* [Task]: Word for word, output the data, with none of its pictures.

* [Data extract]:
^^^^^^^^^^^^^^^^
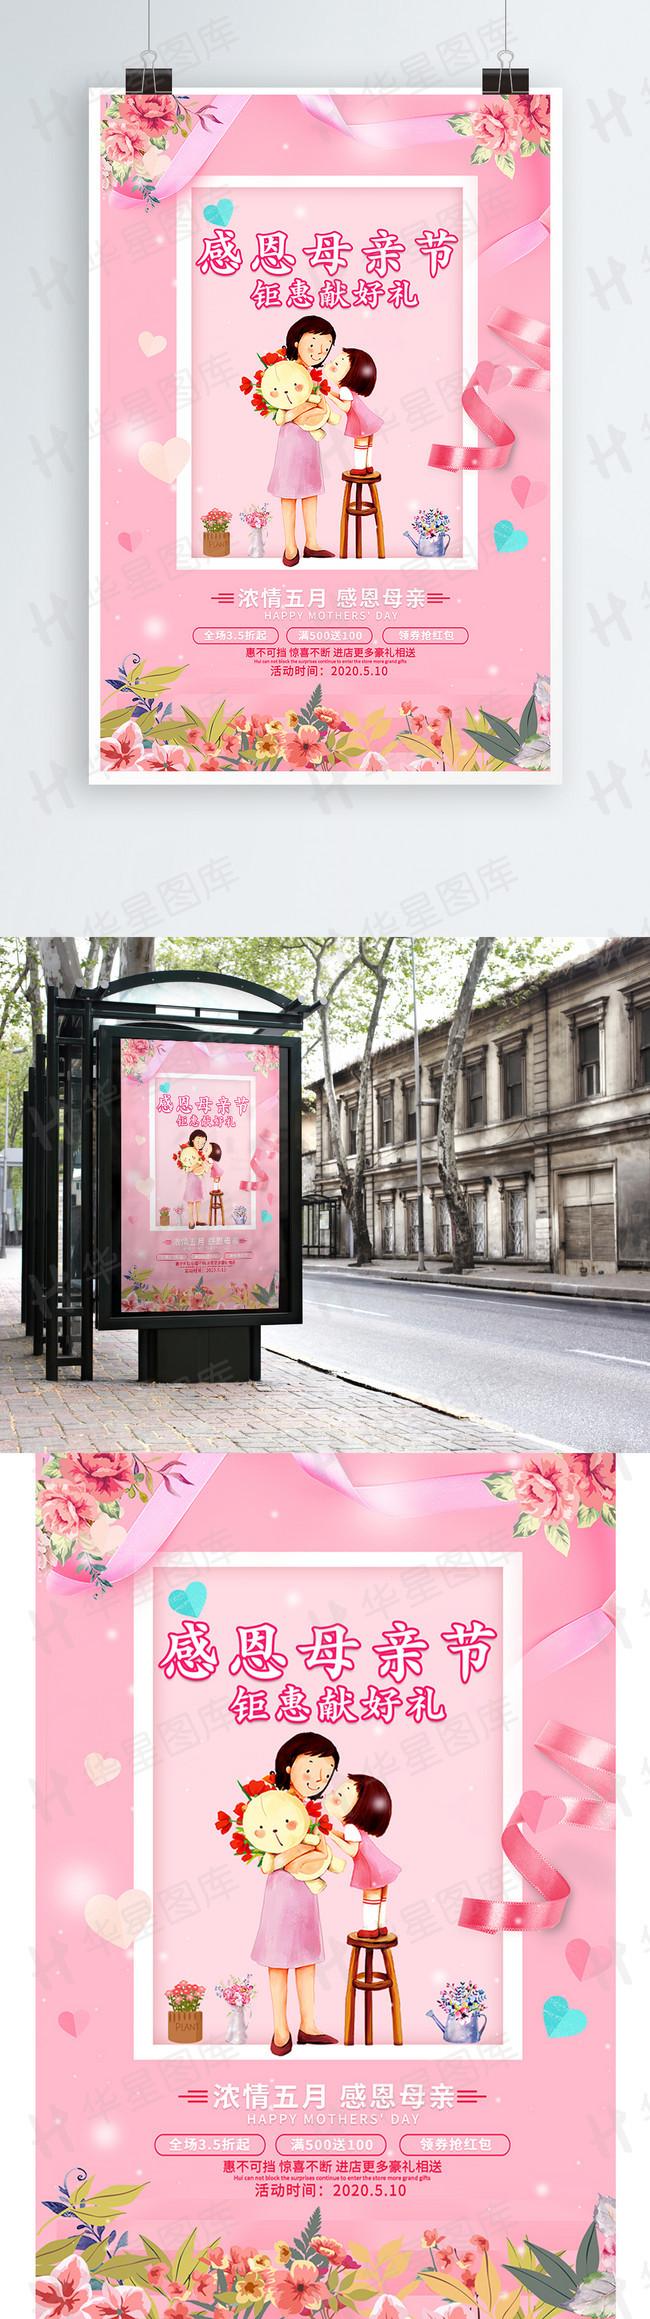 感恩母亲节粉色温馨活动促销海报
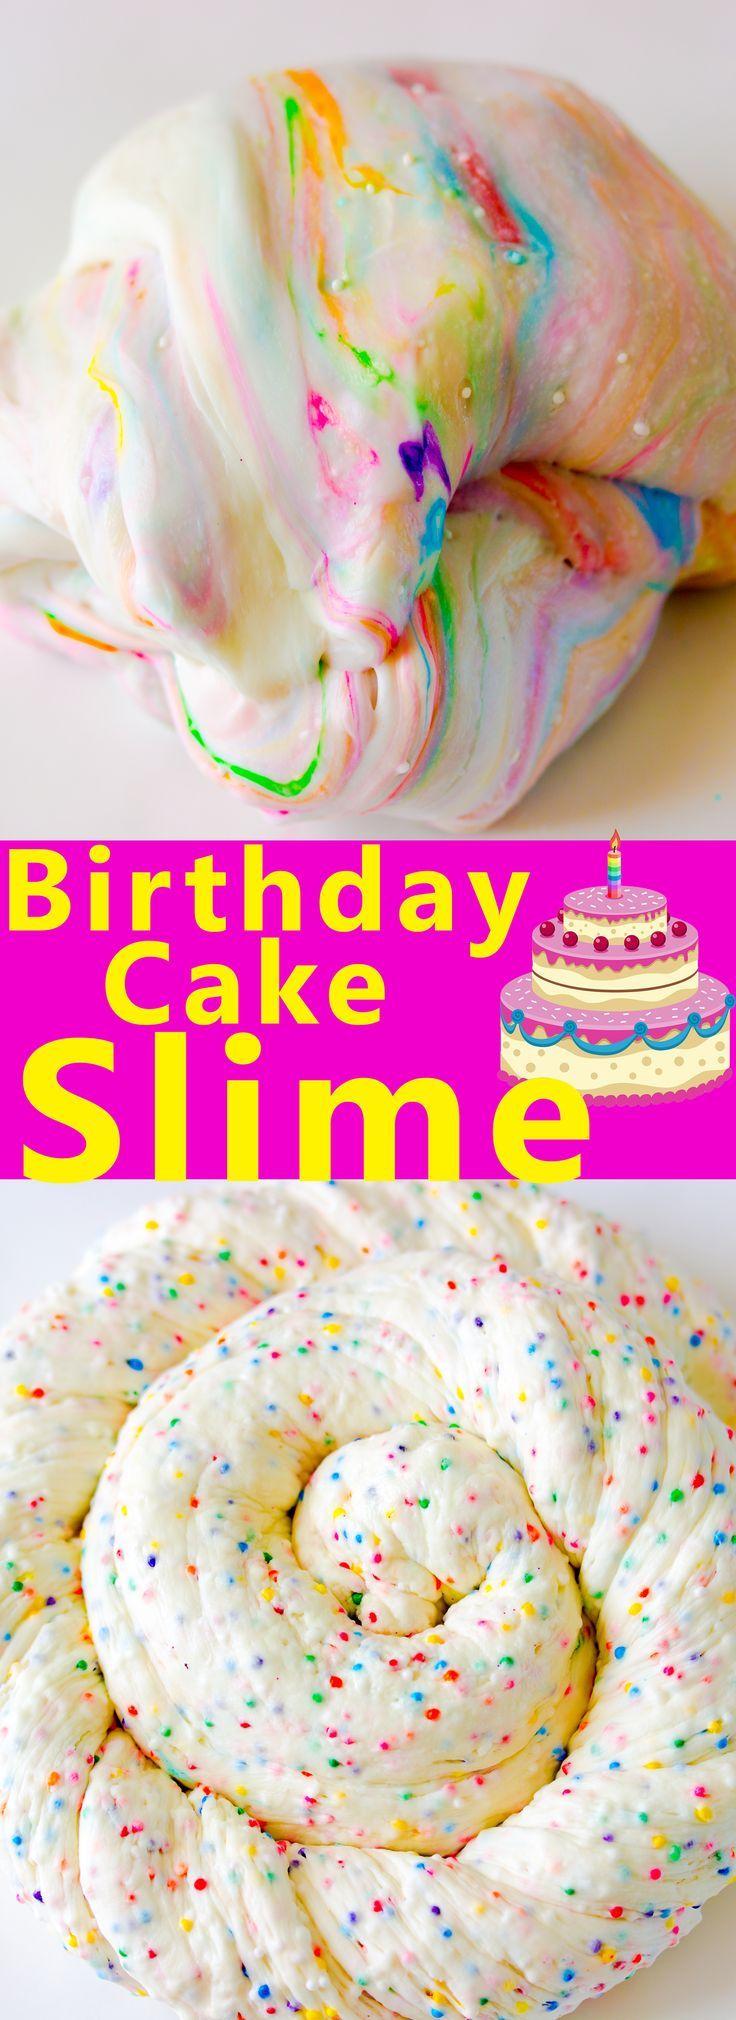 DIY Edible Slime Candy!! *SLIME YOU CAN EAT! Birthday Cake Slime DIY Edible Marshmallow Slime
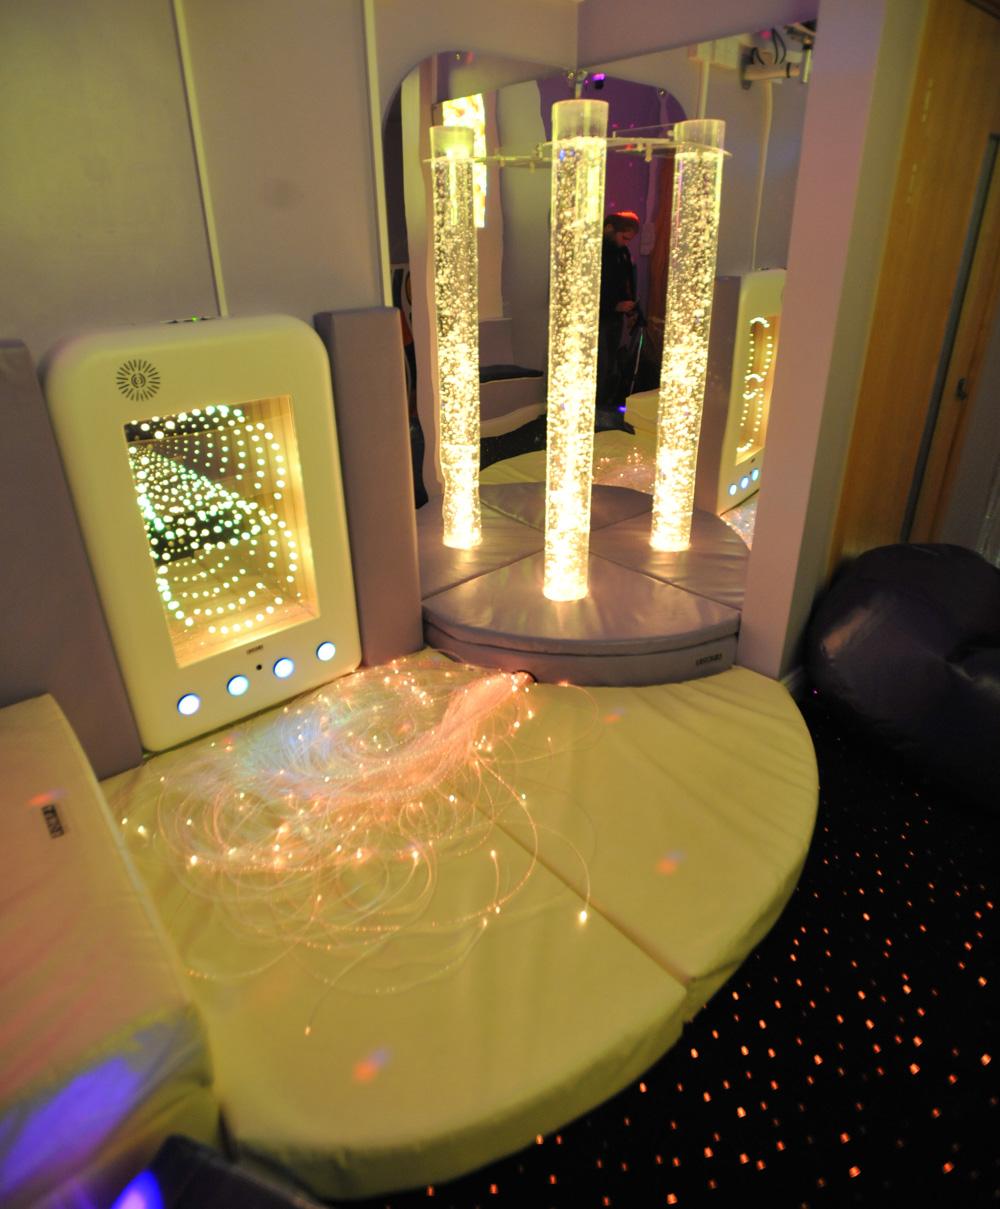 Alan Shearer Centre Sensory Room Snoezelen 174 Multi
^^^^^^^^^^^^^^^^
* [Solution to this task]:
 感恩母亲节粉色温馨活动促销海报
 DIY Edible Slime Candy!! *SLIME YOU CAN EAT! Birthday Cake Slime DIY Edible Marshmallow Slime
 Alan Shearer Centre Sensory Room Snoezelen 174 Multi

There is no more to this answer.